Jun 22 14:20:48 localhost kernel: [ 1276.424531]
=============================================
Jun 22 14:20:48 localhost kernel: [ 1276.424541] [ INFO: possible
recursive locking detected ]
Jun 22 14:20:48 localhost kernel: [ 1276.424546]
---------------------------------------------
Jun 22 14:20:48 localhost kernel: [ 1276.424553] idle/0 is trying to
acquire lock:
Jun 22 14:20:48 localhost kernel: [ 1276.424559]
(&sk->sk_lock.slock#5/1){-+..}, at: [<c024594e>] sk_clone+0x5f/0x195
Jun 22 14:20:48 localhost kernel: [ 1276.424585]
Jun 22 14:20:48 localhost kernel: [ 1276.424587] but task is already
holding lock:
Jun 22 14:20:48 localhost kernel: [ 1276.424592]

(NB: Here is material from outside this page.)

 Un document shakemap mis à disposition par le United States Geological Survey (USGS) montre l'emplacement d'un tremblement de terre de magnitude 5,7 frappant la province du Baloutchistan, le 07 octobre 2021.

(&sk->sk_lock.slock#5/1){-+..}, at: [<c027cd87>]
tcp_v4_rcv+0x42e/0x9b3
Jun 22 14:20:48 localhost kernel: [ 1276.424616]
Jun 22 14:20:48 localhost kernel: [ 1276.424618] other info that might
help us debug this:
Jun 22 14:20:48 localhost kernel: [ 1276.424624] 2 locks held by idle/0:
Jun 22 14:20:48 localhost kernel: [ 1276.424628]  #0:
(&tp->rx_lock){-+..}, at: [<e0898915>] rtl8139_poll+0x42/0x41c
[8139too]
Jun 22 14:20:48 localhost kernel: [ 1276.424666]  #1:
(&sk->sk_lock.slock#5/1){-+..}, at: [<c027cd87>]
tcp_v4_rcv+0x42e/0x9b3
Jun 22 14:20:48 localhost kernel: [ 1276.424685]
Jun 22 14:20:48 localhost kernel: [ 1276.424686] stack backtrace:
Jun 22 14:20:48 localhost kernel: [ 1276.425002]  [<c0103a2a>]

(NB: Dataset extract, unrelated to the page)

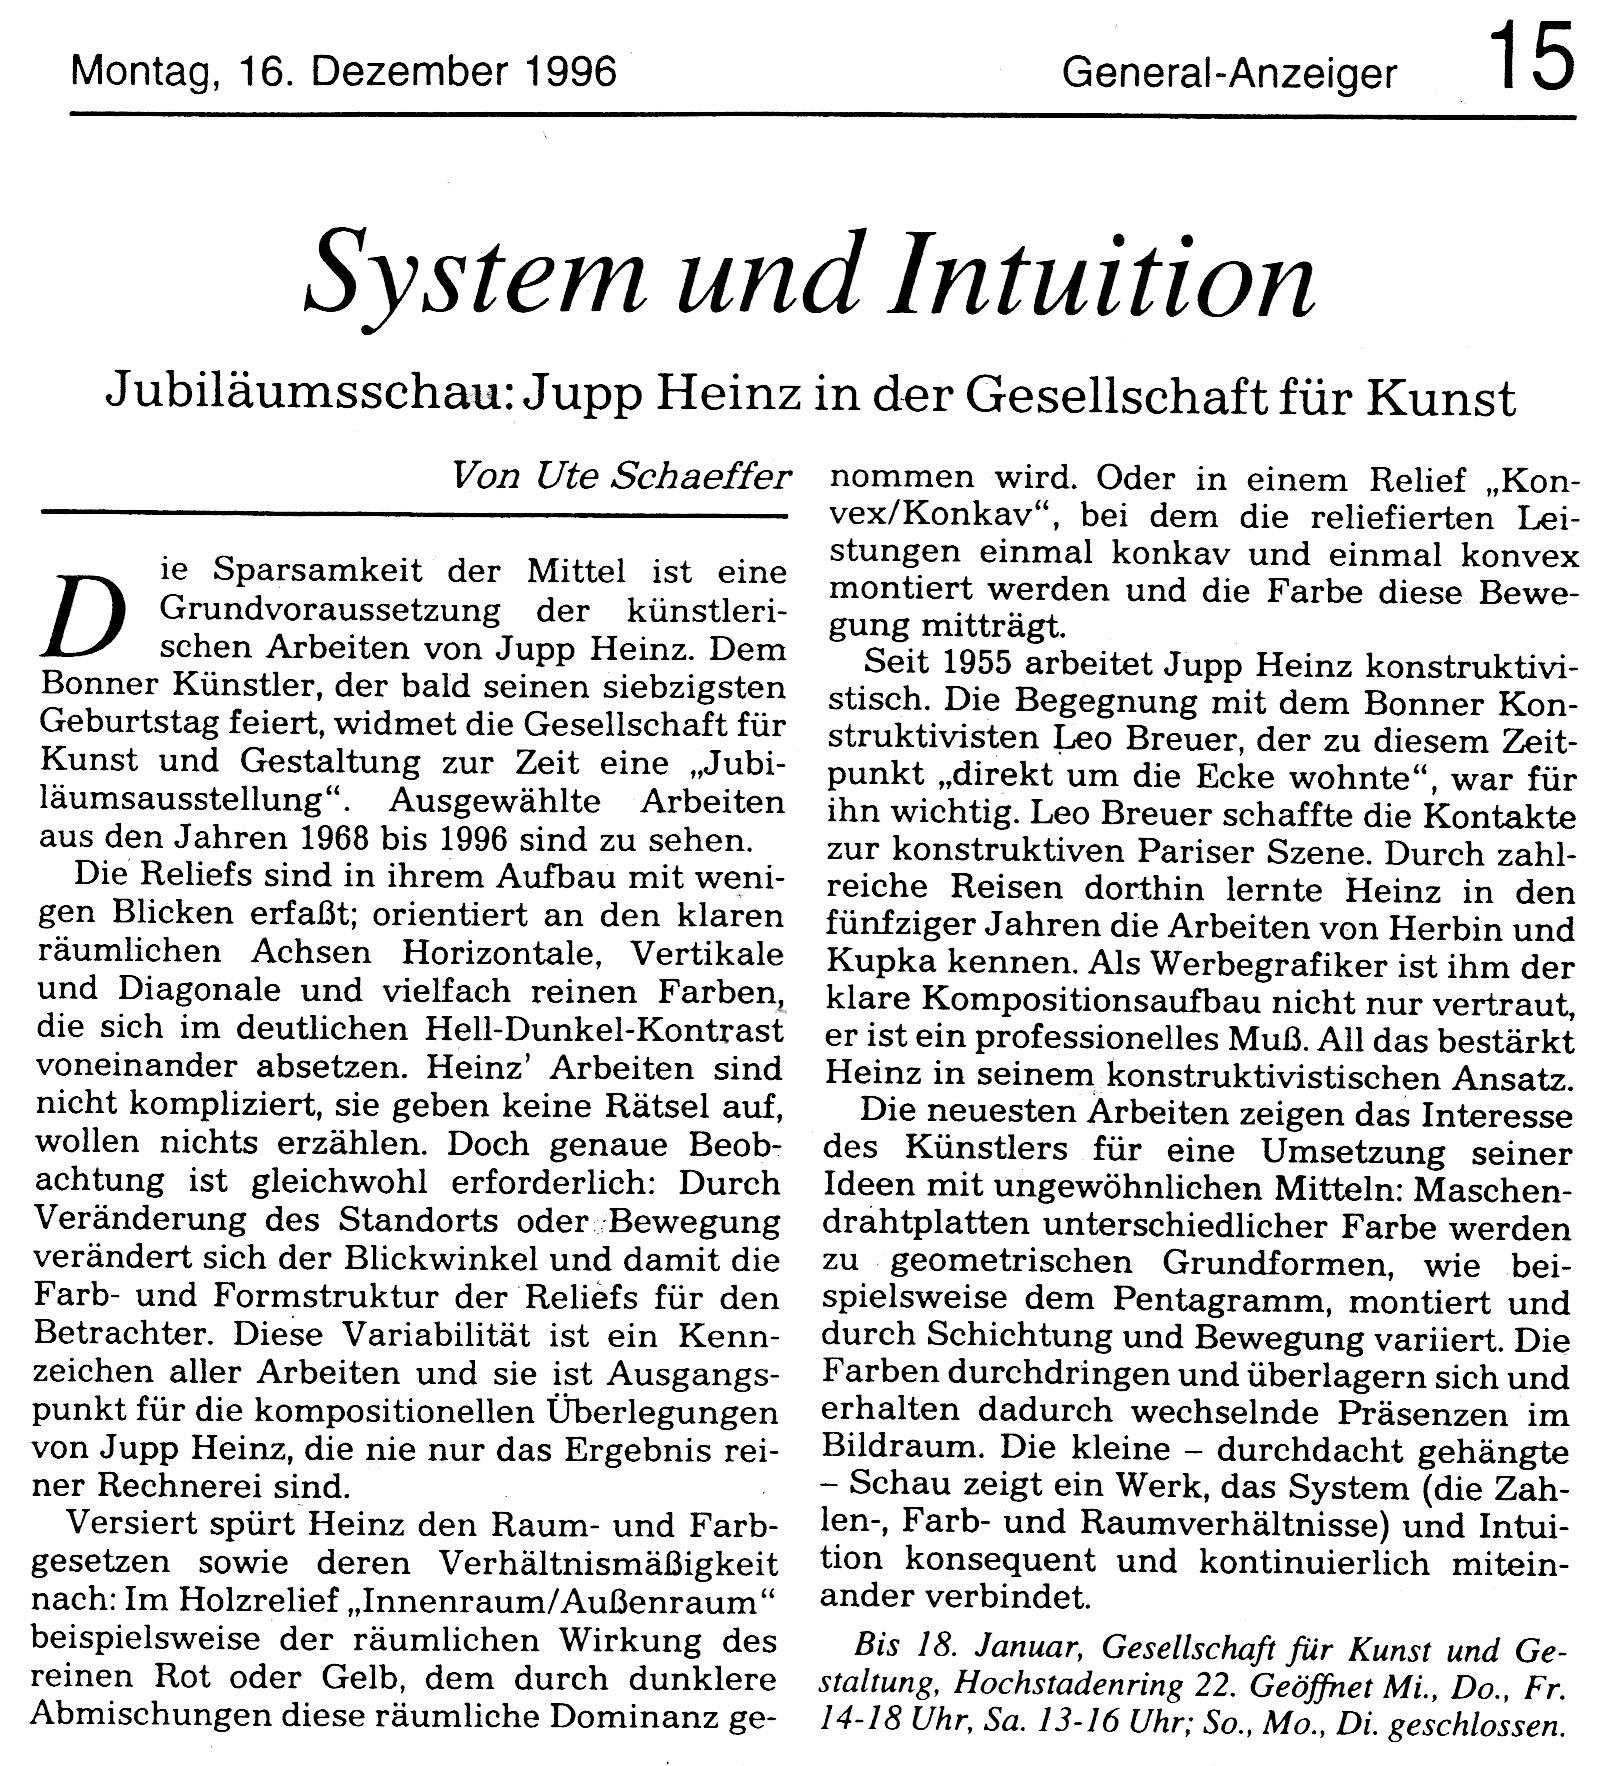 Bonn, General-Anzeiger 1996

show_trace_log_lvl+0x53/0xff
Jun 22 14:20:48 localhost kernel: [ 1276.425038]  [<c0104078>]
show_trace+0x16/0x19
Jun 22 14:20:48 localhost kernel: [ 1276.425068]  [<c010411e>]
dump_stack+0x1a/0x1f
Jun 22 14:20:48 localhost kernel: [ 1276.425099]  [<c012d6cb>]
__lock_acquire+0x8e6/0x902
Jun 22 14:20:48 localhost kernel: [ 1276.425311]  [<c012d879>]
lock_acquire+0x4e/0x66
Jun 22 14:20:48 localhost kernel: [ 1276.425510]  [<c02989e1>]
_spin_lock_nested+0x26/0x36
Jun 22 14:20:48 localhost kernel: [ 1276.425726]  [<c024594e>]
sk_clone+0x5f/0x195
Jun 22 14:20:48 localhost kernel: [ 1276.427191]  [<c026d10f>]
inet_csk_clone+0xf/0x67
Jun 22 14:20:48 localhost kernel: [ 1276.428879]  [<c027d3d0>]
tcp_create_openreq_child+0x15/0x32b
Jun 22 14:20:48 localhost kernel: [ 1276.430598]  [<c027b383>]
tcp_v4_syn_recv_sock+0x47/0x29c
Jun 22 14:20:48 localhost kernel: [ 1276.432313]  [<e0fcf440>]
tcp_v6_syn_recv_sock+0x37/0x534 [ipv6]
Jun 22 14:20:48 localhost kernel: [ 1276.432482]  [<c027d886>]
tcp_check_req+0x1a0/0x2db
Jun 22 14:20:48 localhost kernel: [ 1276.434198]  [<c027aecc>]
tcp_v4_do_rcv+0x9f/0x2fe
Jun 22 14:20:48 localhost kernel: [ 1276.435911]  [<c027d28b>]
tcp_v4_rcv+0x932/0x9b3
Jun 22 14:20:48 localhost kernel: [ 1276.437632]  [<c0265980>]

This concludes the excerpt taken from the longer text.